#### [PROVIDED MATERIAL]
[Start of Attachment]
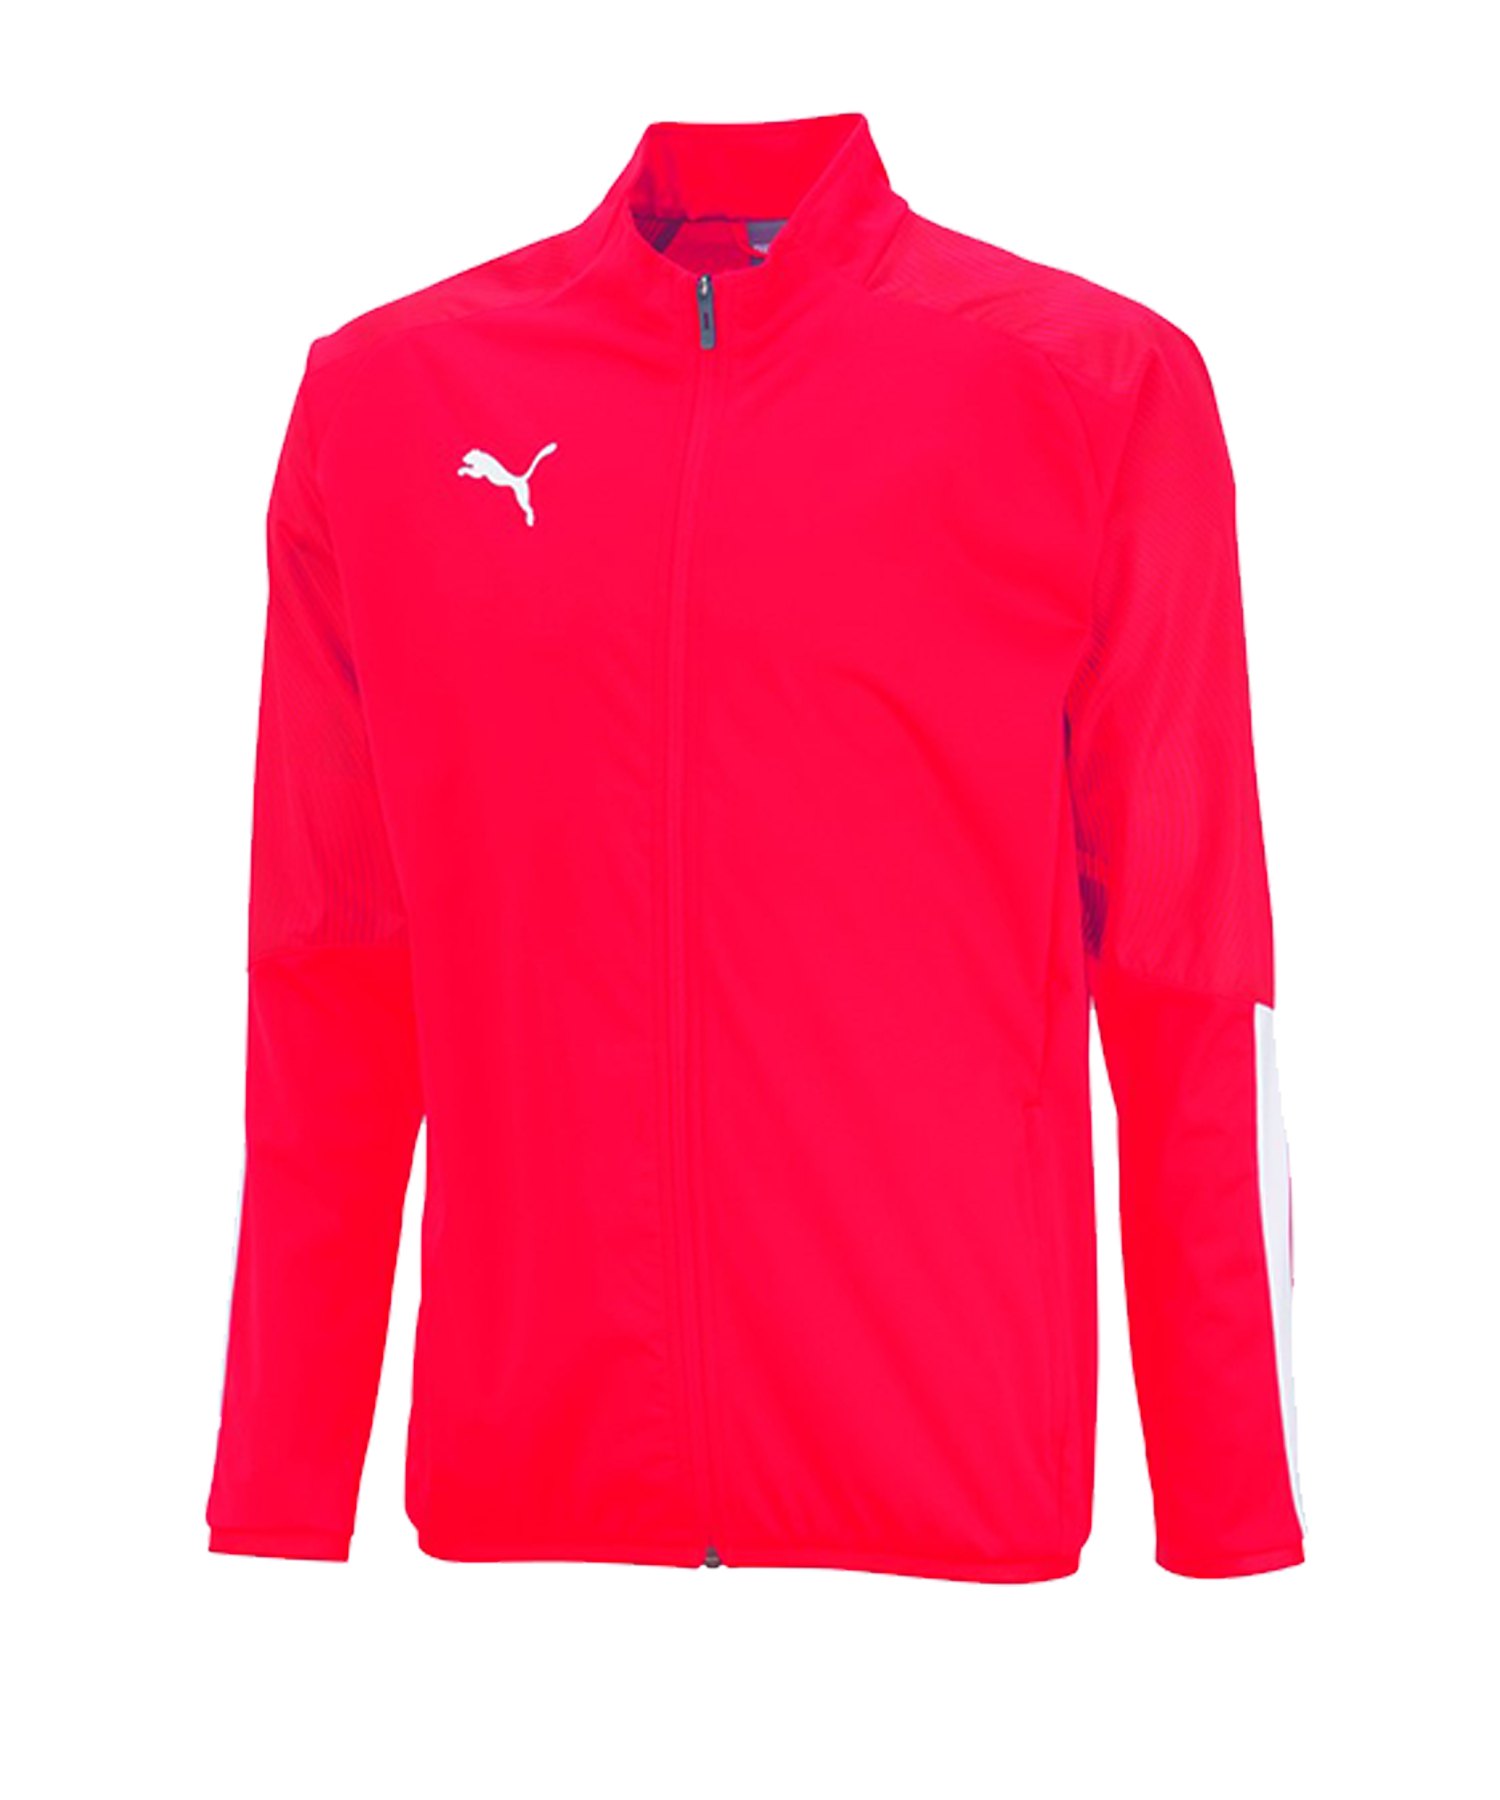 PUMA CUP Sideline Jacket Jacke Rot F01 - rot
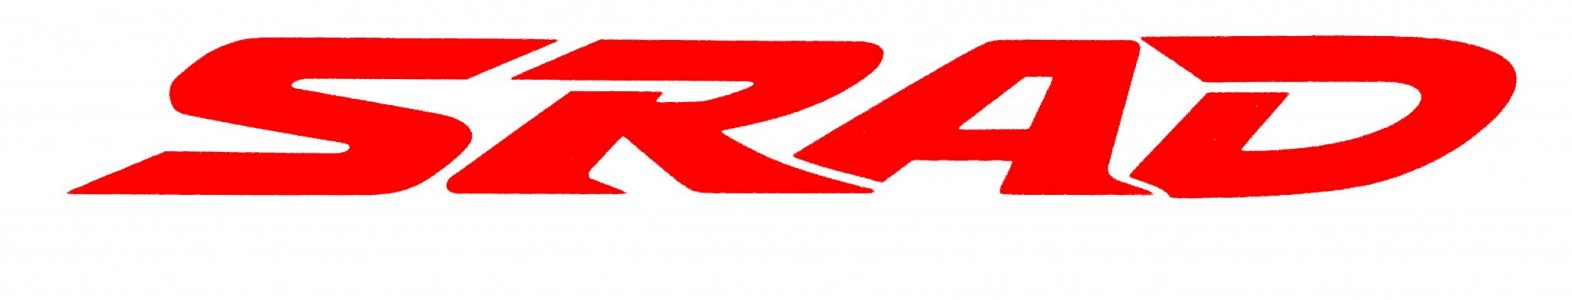 SRAD Logo.jpg
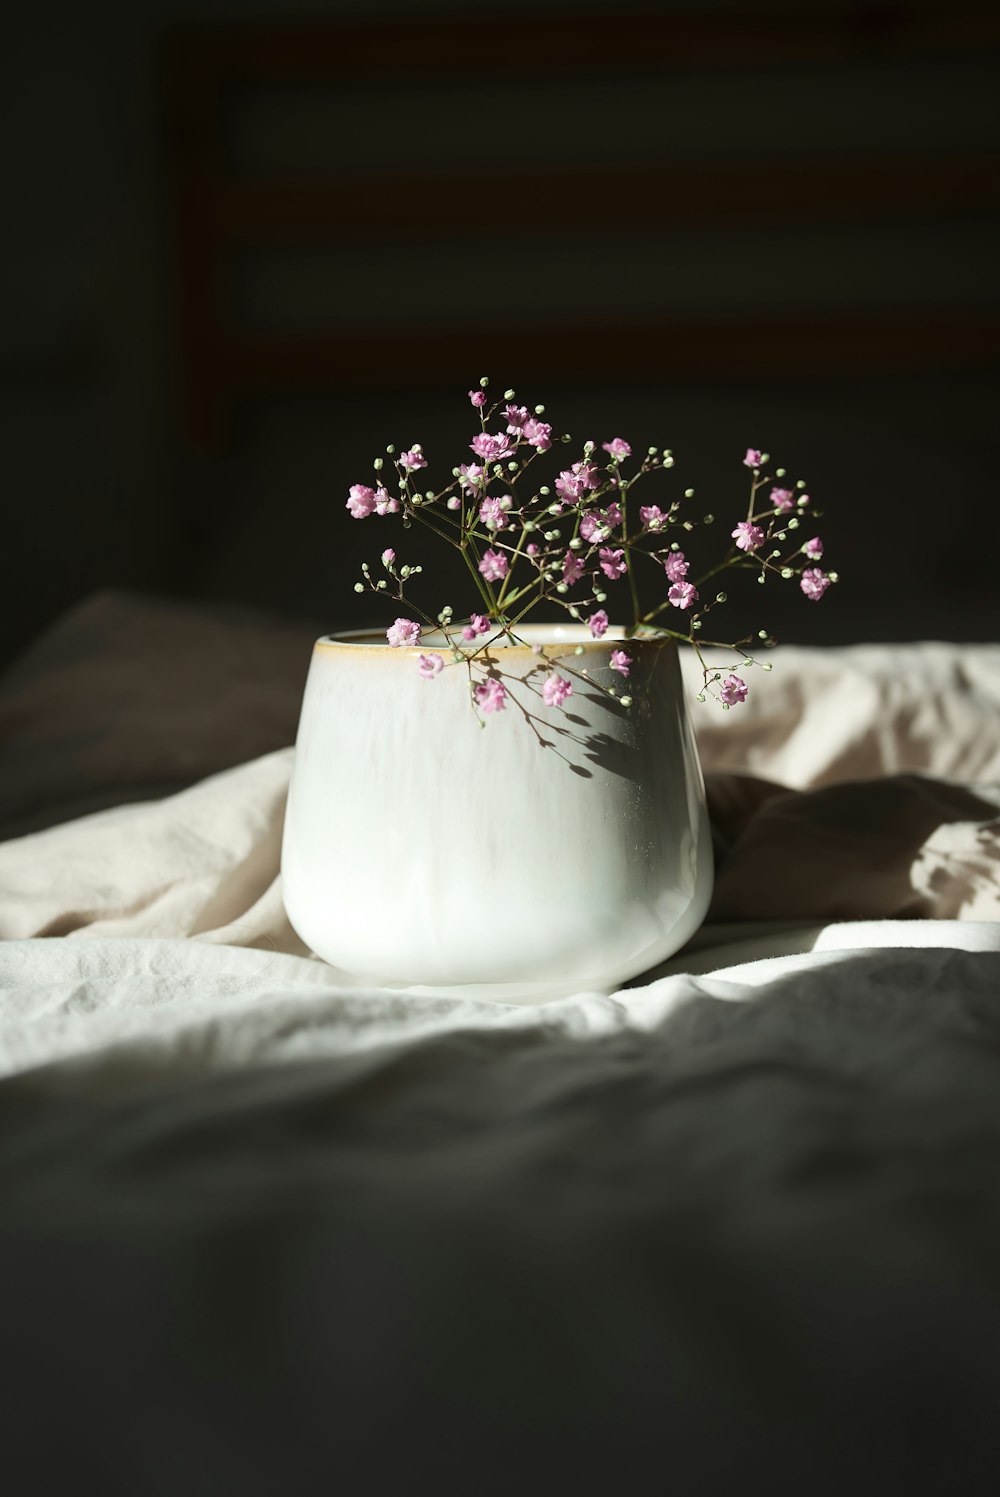 flores blancas en jarrón de cerámica blanca sobre tela blanca
[End of Attachment]
#### [WORK TO COMPLETE]
Quote everything in the listing above exactly; pictures are the only thing to omit.

#### [RESULT OF THE TASK]
 PUMA CUP Sideline Jacket Jacke Rot F01 - rot
 SRAD Logo.jpg
 flores blancas en jarrón de cerámica blanca sobre tela blanca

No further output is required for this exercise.